Na goracym silniku stan powinien byc ok 1/3 wiecej niz max. powinien podchodzic pod takie male wyciecie na bagnecie.

 

Na ciepłym to chyba powinno być sucho? Olej jeszcze przecież nie wrócił do miski.

 

Sucho? raczej caly zachlapany uniemozliwiajacy odczyt poziomu oleju.

Odnośnik do komentarza
Udostępnij na innych stronach

Na ciepłym to chyba powinno być sucho? Olej jeszcze przecież nie wrócił do miski.

 

wyzej podalem opis z mamuala do GT98 jak to sie powinno zrobic.Sadze ze dla forka turbo S powinno byc tak samo :wink:

 

Wiatrak, jedyna mozliwosc kiedy przybywa oleju to tak jak masz walnieta uszczelke pod glowica i do oleju dostaje sie plyn chlodniczy ale wtedy dz oleju robi sie zupa

Odnośnik do komentarza
Udostępnij na innych stronach

Na goracym silniku stan powinien byc ok 1/3 wiecej niz max. powinien podchodzic pod takie male wyciecie na bagnecie.

 

Na ciepłym to chyba powinno być sucho? Olej jeszcze przecież nie wrócił do miski.

 

Sucho? raczej caly zachlapany uniemozliwiajacy odczyt poziomu oleju.

 

Przecież przed sprawdzeniem czyścisz bagnet, zaraz po wyłączeniu silnika prawie nic na bagnecie nie zobaczysz. Zakład?

 

[ Dodano: Pon Mar 10, 2008 4:12 pm ]

Na ciepłym to chyba powinno być sucho? Olej jeszcze przecież nie wrócił do miski.

 

wyzej podalem opis z mamuala do GT98 jak to sie powinno zrobic.Sadze ze dla forka turbo S powinno byc tak samo :wink:

 

Wiatrak, jedyna mozliwosc kiedy przybywa oleju to tak jak masz walnieta uszczelke pod glowica i do oleju dostaje sie plyn chlodniczy ale wtedy dz oleju robi sie zupa

 

Uszczelka na 100% okej, bo jak mówiłem: było LOW, wlałem 400 ml, nie odpalałem silnika, powstało jakieś 3 mmm ponad FULL, cudów nie ma. Tłumaczę sobie to tym, że może jakimś cudem krzywo stałem, bagnet jakoś "źle" zmierzył (ale chyba 10 razy sprawdzałem)... Dodam tylko tyle, że ze wszystkich samochodów jakie miałem to w Subaru najtrudniej odczytać poziom oleju. Z jednej sytrony bagnetu zawsze pokazuje inaczej jak z drugiej.... Niby pryszcz ale nie taki pryszcz...

Odnośnik do komentarza
Udostępnij na innych stronach

Dodam tylko tyle, że ze wszystkich samochodów jakie miałem to w Subaru najtrudniej odczytać poziom oleju. Z jednej sytrony bagnetu zawsze pokazuje inaczej jak z drugiej.... Niby pryszcz ale nie taki pryszcz...

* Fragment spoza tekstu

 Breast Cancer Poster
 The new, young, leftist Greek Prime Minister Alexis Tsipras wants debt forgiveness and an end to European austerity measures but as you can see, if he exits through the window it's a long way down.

Jak kiedyś będziesz miał okazję pomacać wyciągnięty silnik to przyjrzyj się jak bagnet jest poprowadzony, przestanie Cię dziwić trudność odczytu.

Odnośnik do komentarza
Udostępnij na innych stronach

Wiatrak, odpal furkę, niech pochodzi na wolnych obrotach, zgaś i sprawdź poziom oleju rano.

A potem się zabierz za odsysanie jak dużo przelałeś.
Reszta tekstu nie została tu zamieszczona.